## What this task involves
Leave out every picture and set down, exactly, the lines below from the one holding "Kingdom Hearts III" up to and including the one holding "Savita bhabhi comics in hindi".

## Input for this task
______________________________

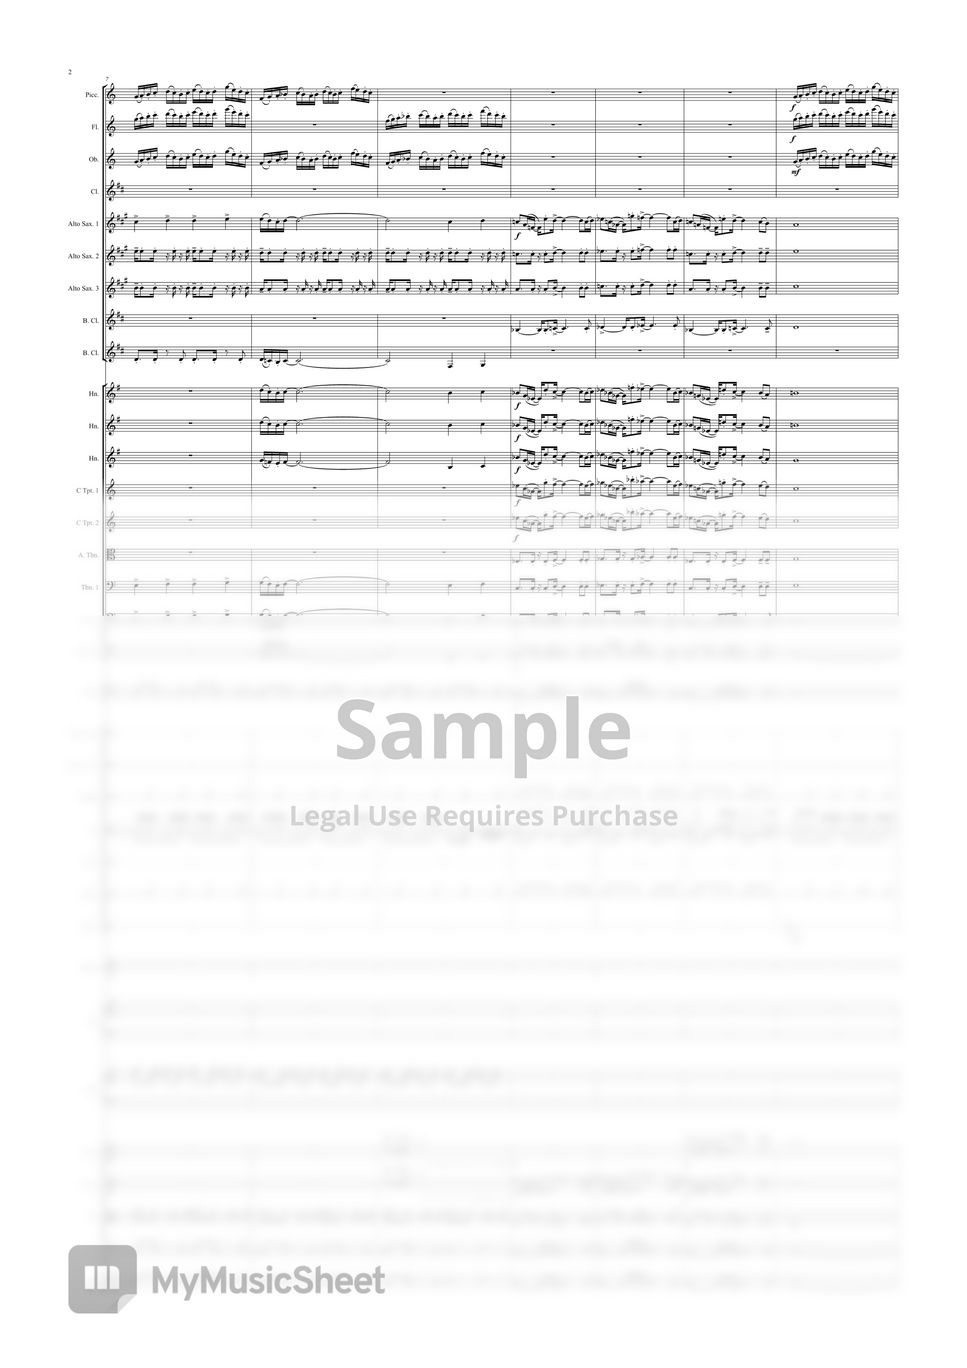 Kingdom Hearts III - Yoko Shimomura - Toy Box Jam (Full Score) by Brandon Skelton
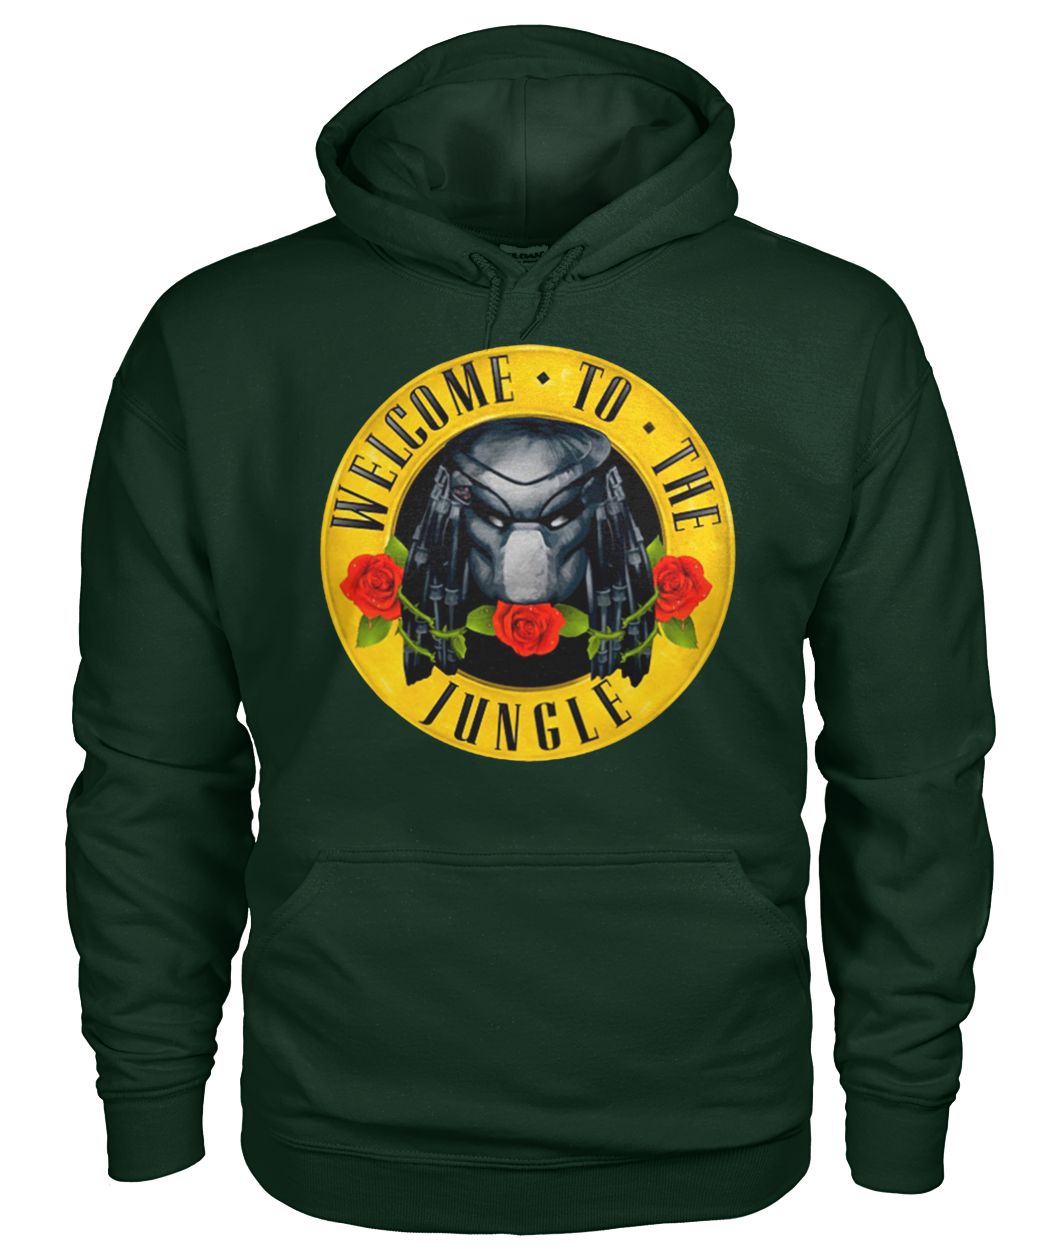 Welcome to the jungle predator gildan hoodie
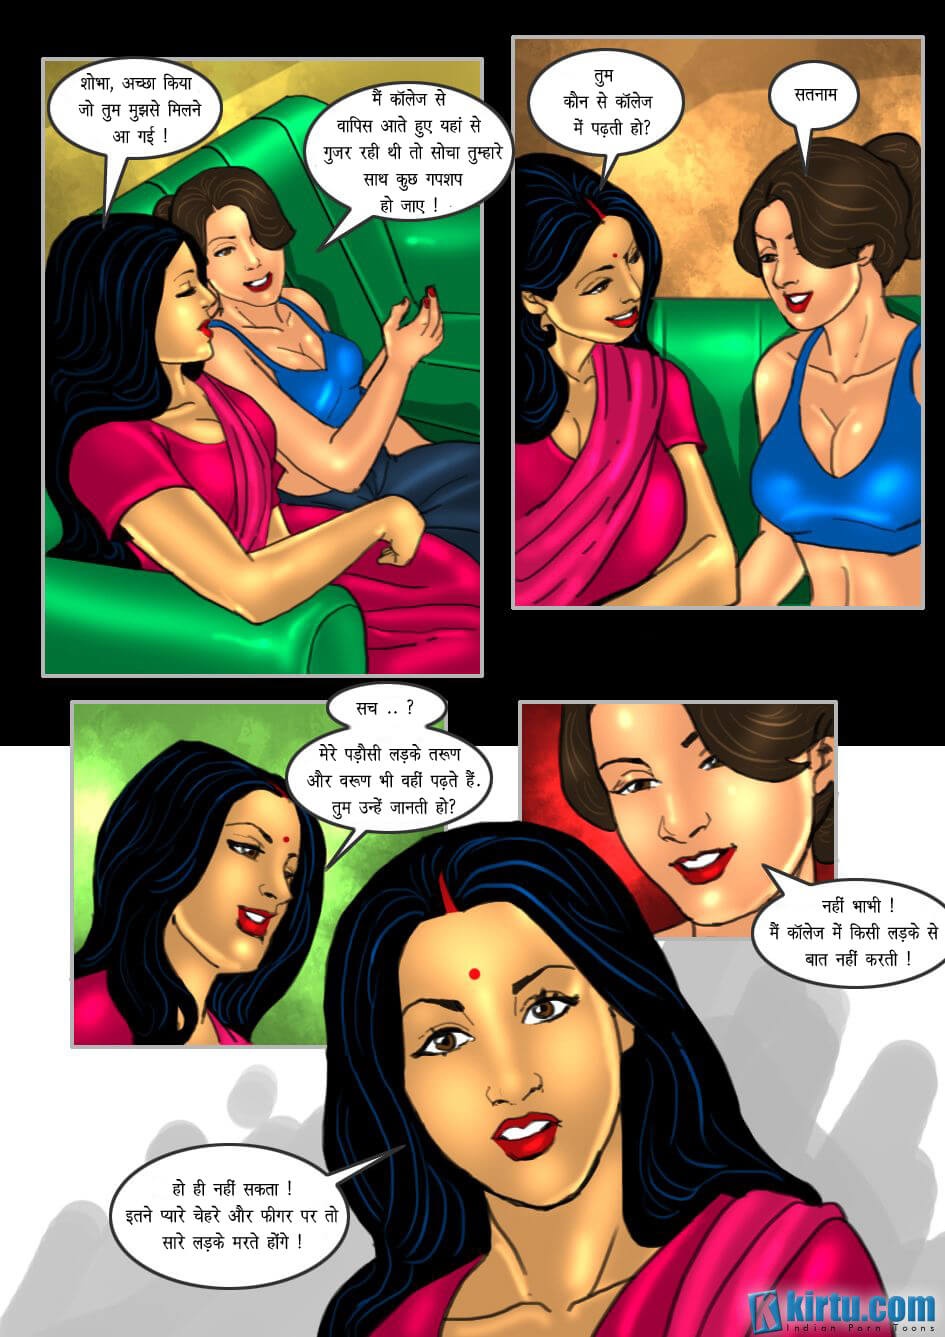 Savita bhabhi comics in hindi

______________________________

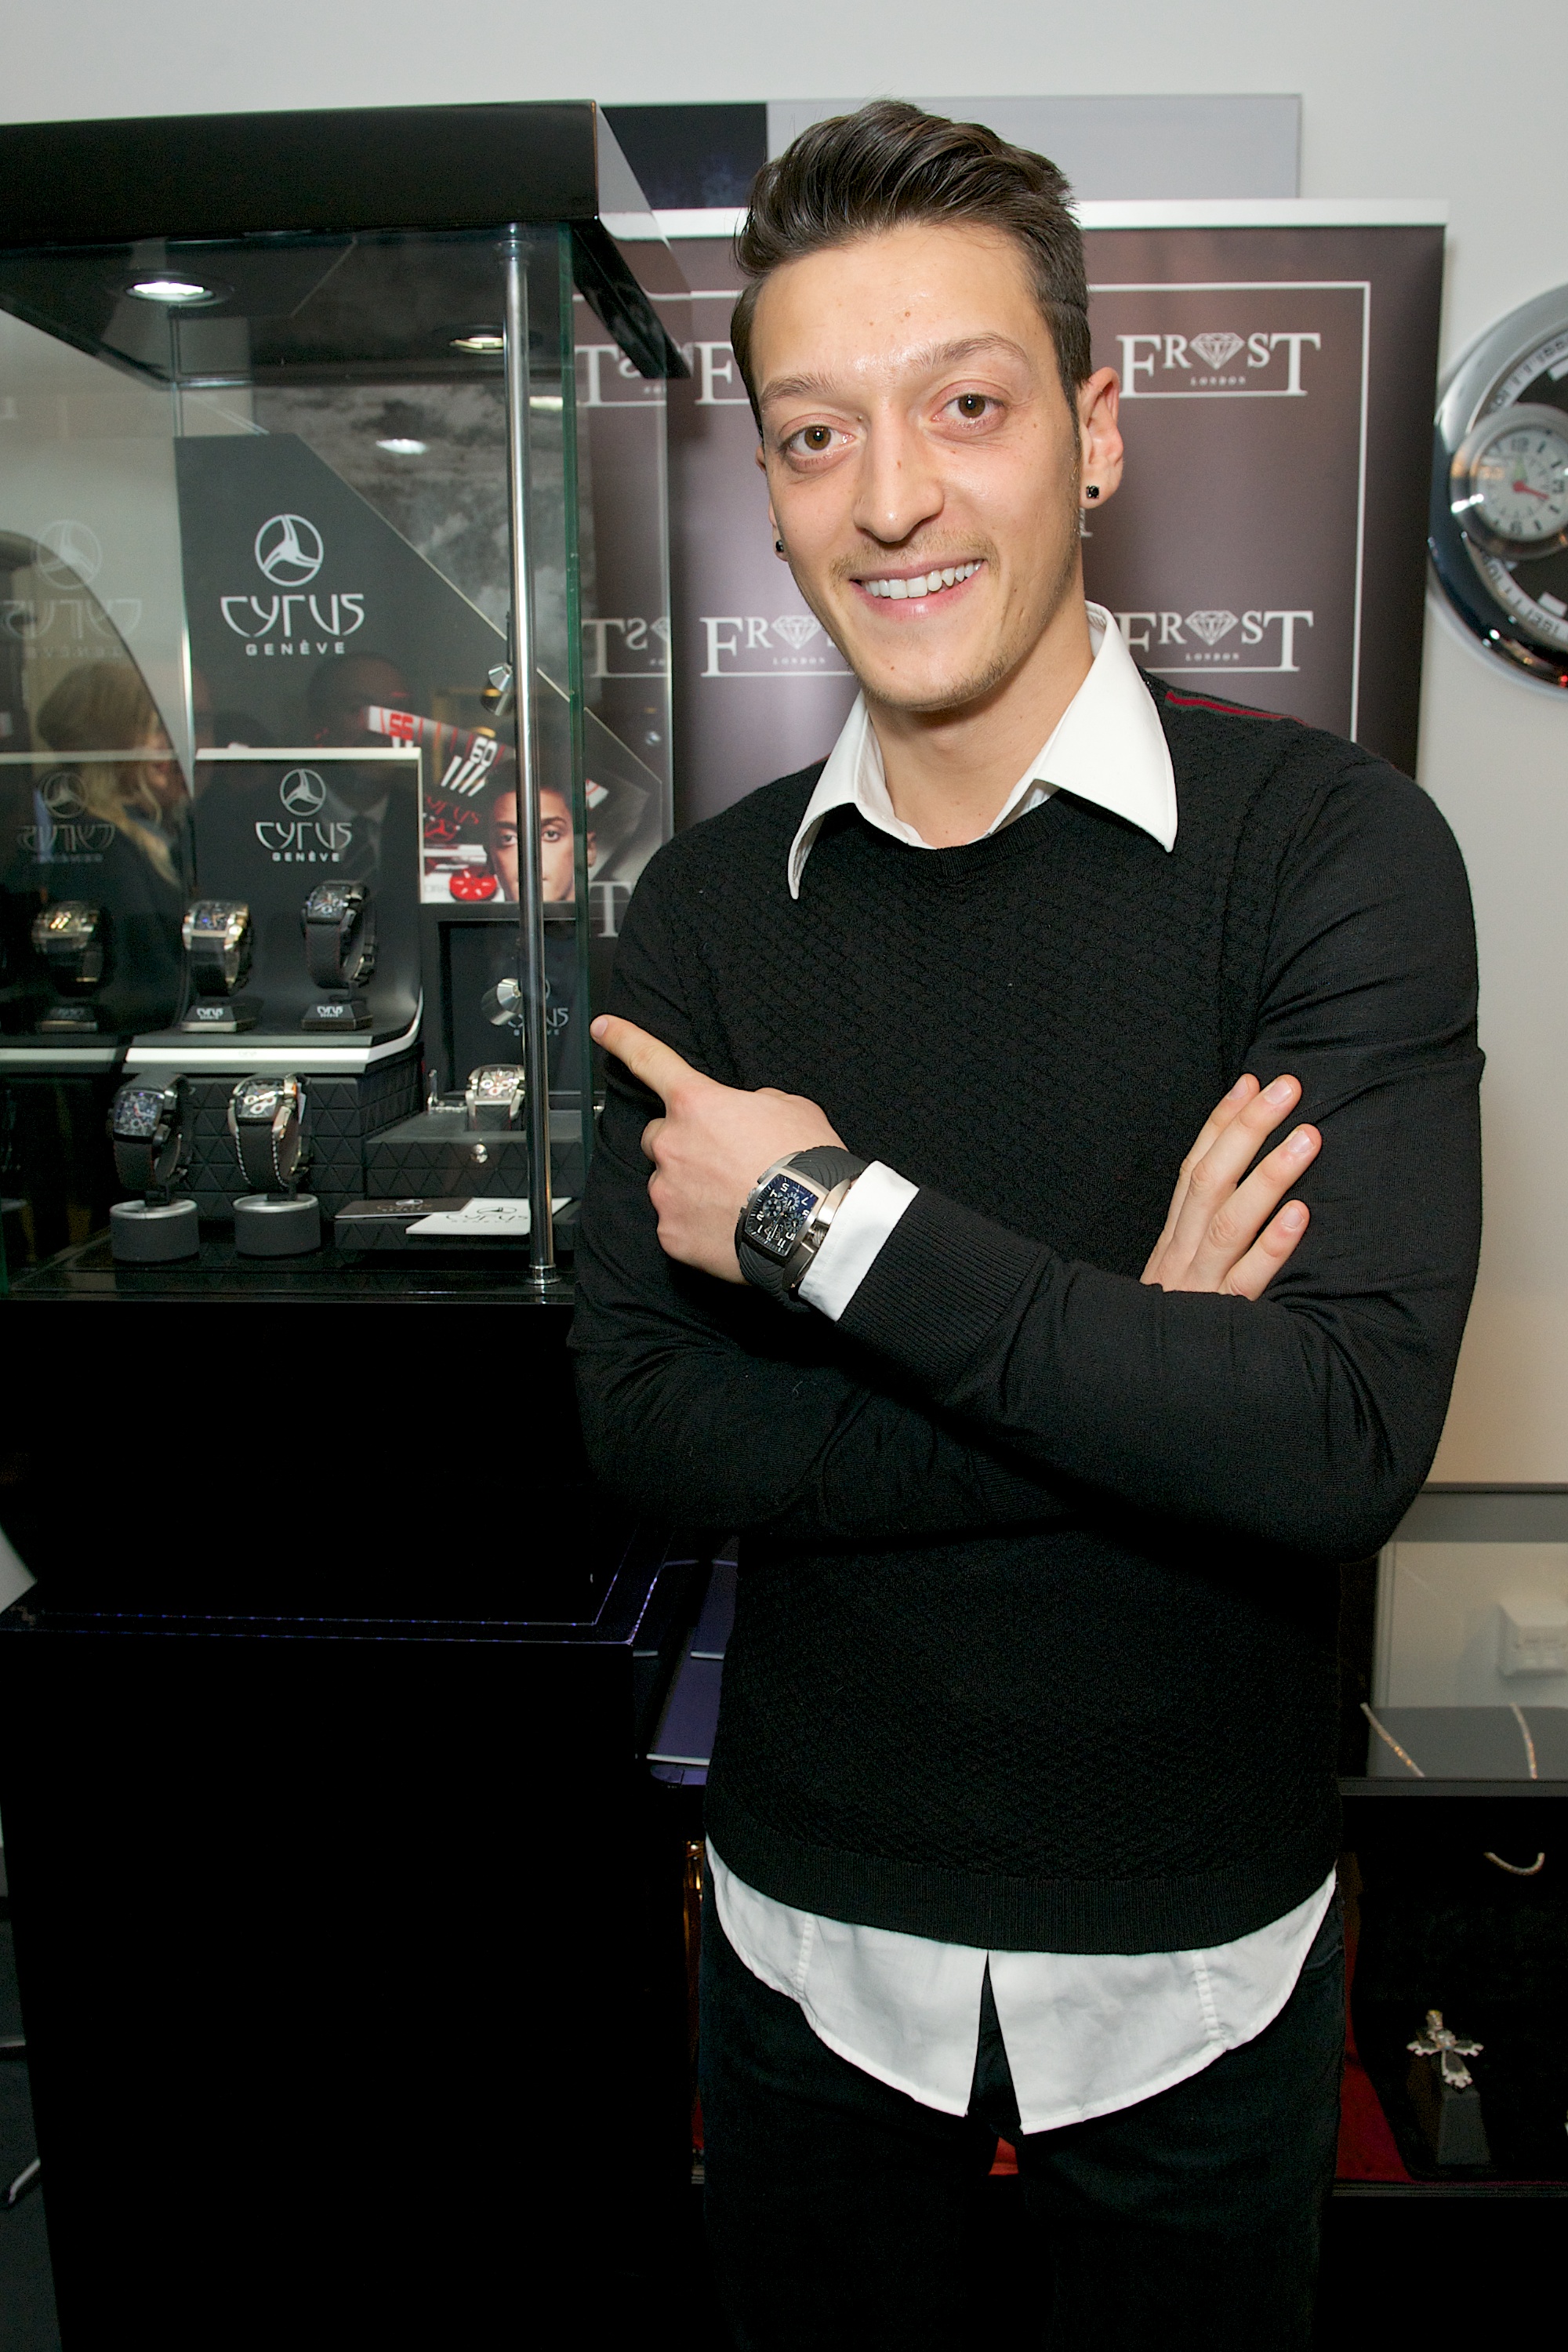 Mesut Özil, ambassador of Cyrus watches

______________________________

## Result for this task
 Kingdom Hearts III - Yoko Shimomura - Toy Box Jam (Full Score) by Brandon Skelton
 Welcome to the jungle predator gildan hoodie
 Savita bhabhi comics in hindi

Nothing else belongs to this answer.